# Solved: Media State: Media Disconnect



## FOXMULDER (Mar 16, 2008)

HELLO

My wireless will connect. Yet, my web page states that server is not found. I ran cmd and typed ipconfig and it has my ip address, subnet mask and default gateway numbers. Also, it states that my media state is disconnected.

How do I connect that? And, Is that my problem?

I simply want to connect via wirelessly. Thank you.

I can connect fine via hardline. 

(win XP professional,version 2002, service pack2 , comcast provider, lynksys wireless router.

i have a acer 9500 laptop. firewall is disabled. and, I uninstalled Zone Alarm.)


----------



## Couriant (Mar 26, 2002)

More than likely that your security features/key and/or username/password for the router is incorrect.

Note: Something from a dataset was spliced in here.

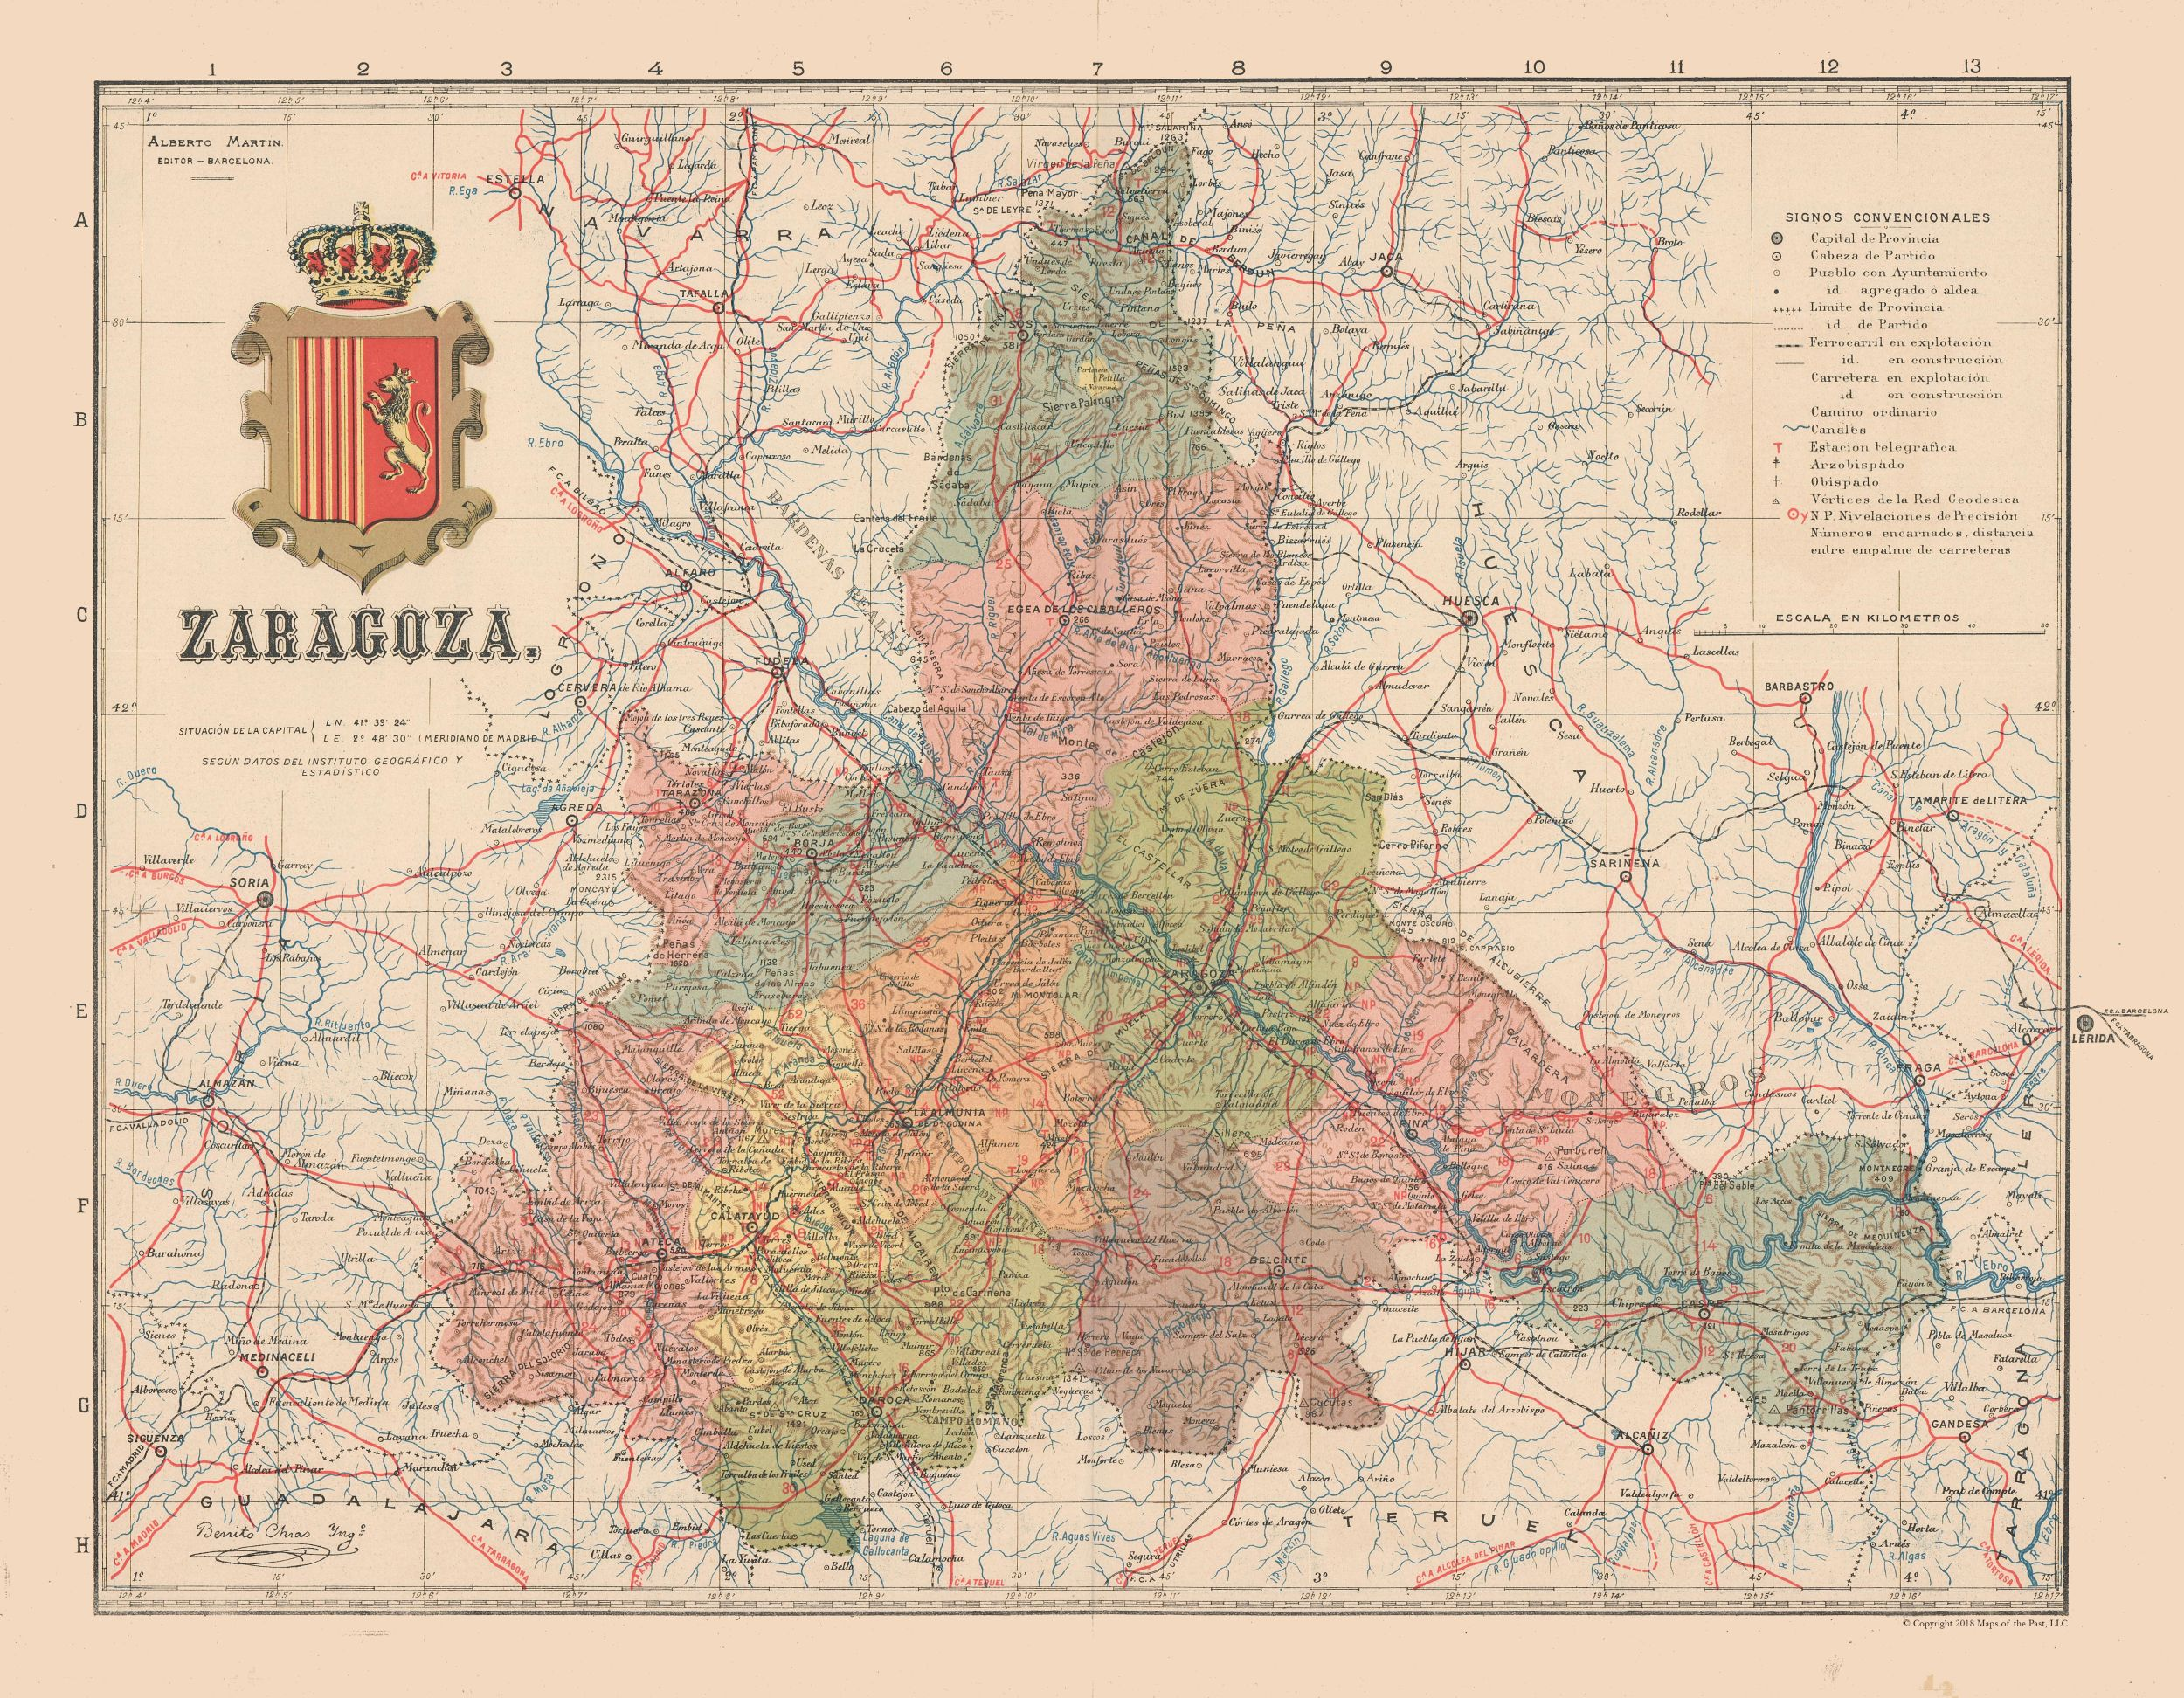 Map Of Spain Zaragoza.Old Spain Map Zaragoza Martin 1911 29 58 X 23 Walmart Com

I would double check that.


----------



## FOXMULDER (Mar 16, 2008)

Security features? 
I'm not sure how to check for that. 

username and password are correct.


----------



## JohnWill (Oct 19, 2002)

Please supply the following info, *exact make and models* of the equipment please.

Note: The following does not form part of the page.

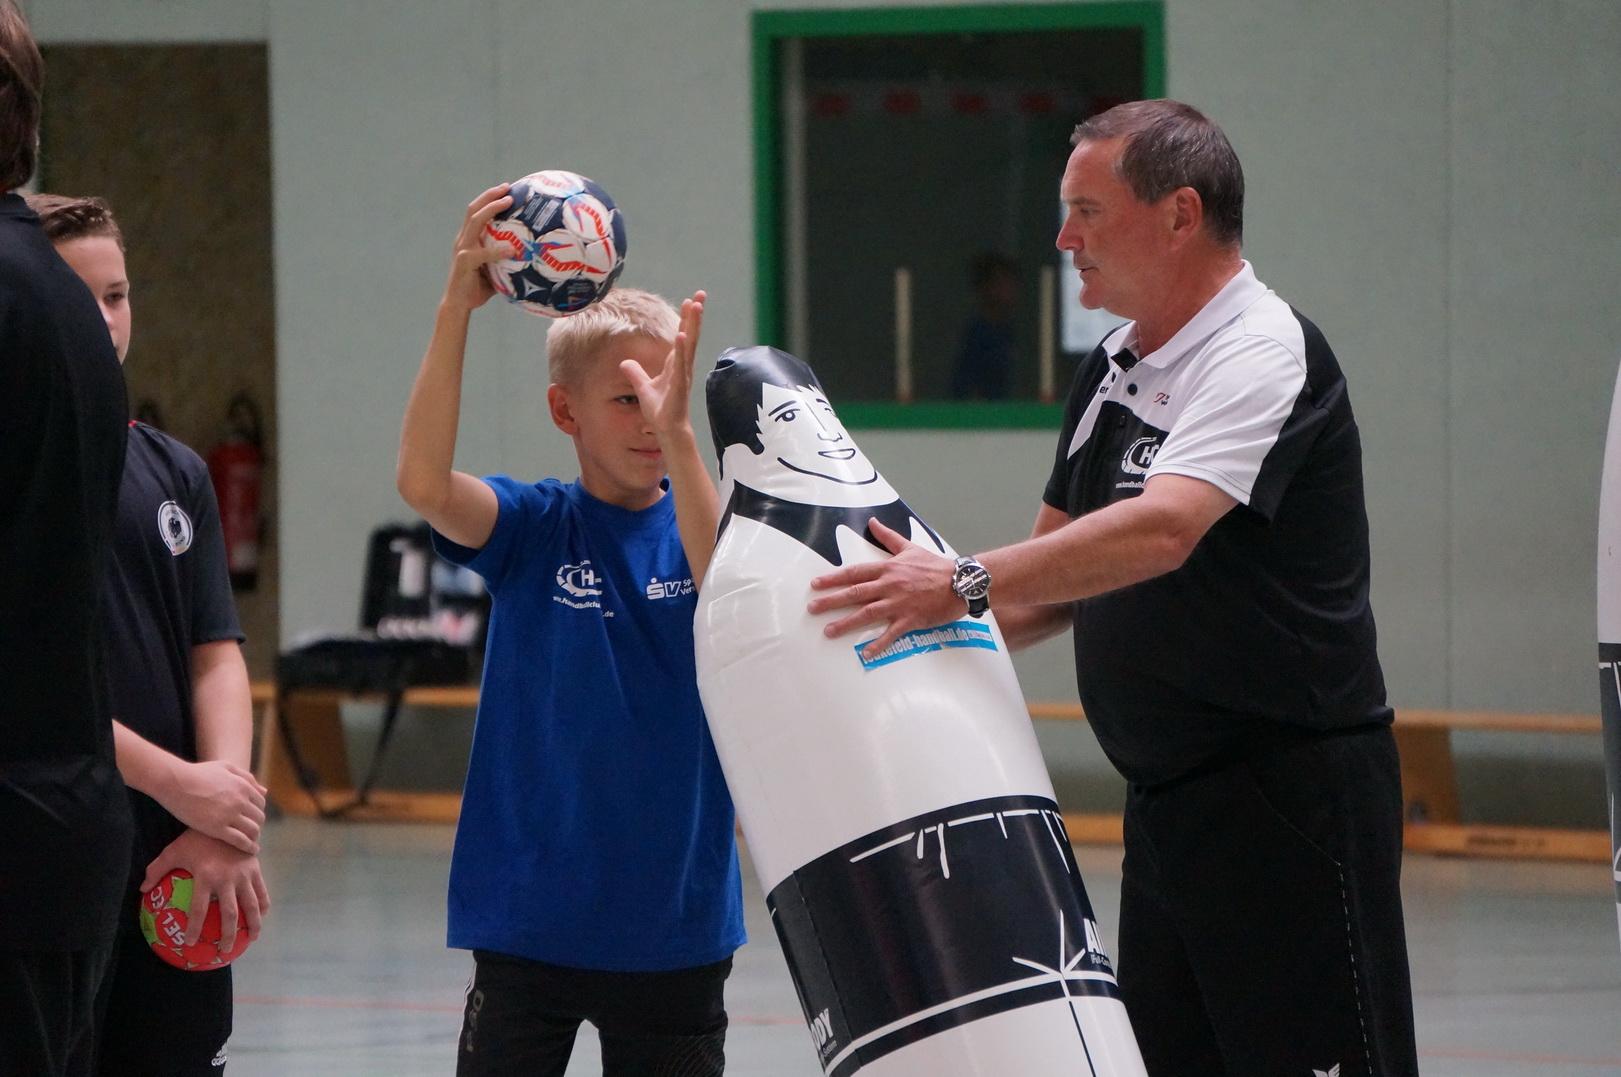 201808_Handballcamp_SDH_MG_212w

What country are you located in.
Name of your ISP (Internet Service Provider).
Make *and* exact model of the broadband modem.
Make *and* exact model of the router (if a separate unit).
_Model numbers can usually be obtained from the label on the device._
Connection type, wired or wireless.
If wireless, encryption used, (none, WEP, WPA, or WPA2)
Make and model of your computer.
Version and patch level of Windows on all affected machines, i.e. XP-Home (or XP-Pro), SP1-SP2, Vista, etc.
The Internet Browser in use, IE, Firefox, Opera, etc.

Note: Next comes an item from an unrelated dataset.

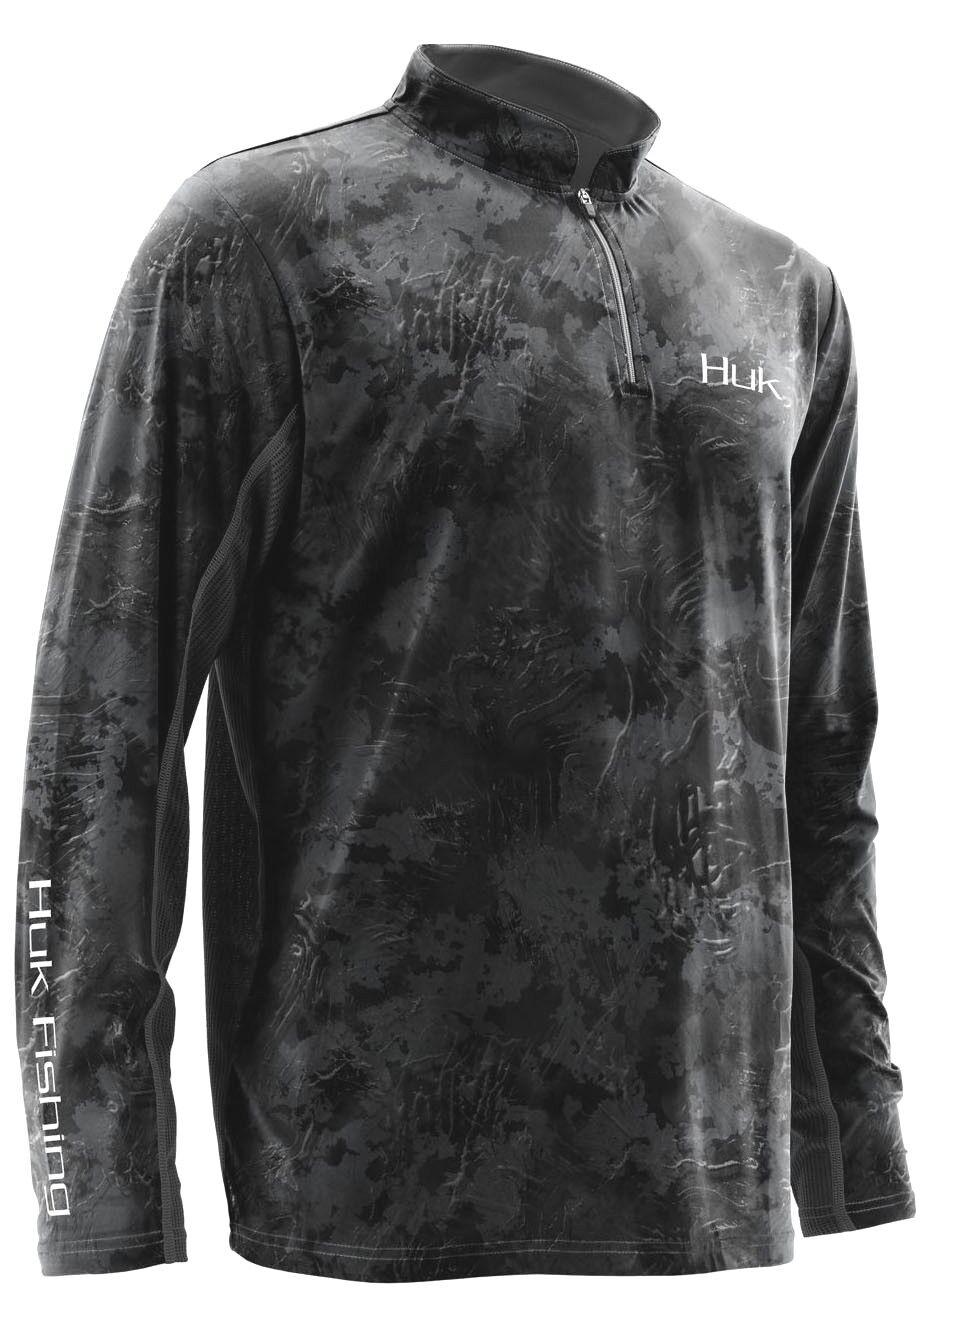 Huk mens subphantis icon 14 zip fishing shirt long sleeve upf night vision xl

Please give an exact description of your problem symptoms, *including the exact text of any error messages.*

If you're using a wireless connection, have you tried a direct connection with a cable to see if that changes the symptoms?

If there are other computers on the same network, are they experiencing the same issue, or do they function normally?

On any affected computer, I'd also like to see this:

Hold the *Windows* key and press *R*, then type *CMD* to open a command prompt:

Type the following commands:

PING 216.109.112.135

PING yahoo.com

NBTSTAT -n

IPCONFIG /ALL

Right click in the command window and choose *Select All*, then hit *Enter*.
Paste the results in a message here.

If you are on a machine with no network connection, use a floppy, USB disk, or a CD-RW disk to transfer a text file with the information to allow pasting it here.


----------



## Couriant (Mar 26, 2002)

Like the WEP or WPA key if you set one.

Also make sure that you are connecting to YOUR router and not your neighbours


----------



## FOXMULDER (Mar 16, 2008)

Please supply the following info, exact make and models of the equipment please.

What country are you located in. >>>FLORIDA, USA
Name of your ISP (Internet Service Provider).>>>>COMCAST
Make and exact model of the broadband modem.>>ARRIS TM402P/110
Make and exact model of the router (if a separate unit).>>>LYNKSYS WRT54G V8.2
Model numbers can usually be obtained from the label on the device.
Connection type, wired or wireless.>>>WIRELESS
If wireless, encryption used, (none, WEP, WPA, or WPA2)>>>>NOT SURE??
Make and model of your computer.>>>ACER9500 MODEL NO. DQ70
Version and patch level of Windows on all affected machines, i.e. XP-Home (or XP-Pro), SP1-SP2, Vista, etc.>>>win XP professional,version 2002, service pack2
The Internet Browser in use, IE, Firefox, Opera, etc.>>>MOZILLA FIREFOX


----------



## FOXMULDER (Mar 16, 2008)

When i connect using an ethernet cable, all is fine. 

My problem is that I'm not able to go online. A webpage loads stating that "server is not found". My sister has a desktop connect to the modem and router. That's fine.


----------



## FOXMULDER (Mar 16, 2008)

C:\Documents and Settings\Freddy>ipconfig /all

Windows IP Configuration

Host Name . . . . . . . . . . . . : fox
Primary Dns Suffix . . . . . . . :
Node Type . . . . . . . . . . . . : Unknown
IP Routing Enabled. . . . . . . . : No
WINS Proxy Enabled. . . . . . . . : No
DNS Suffix Search List. . . . . . : hsd1.fl.comcast.net.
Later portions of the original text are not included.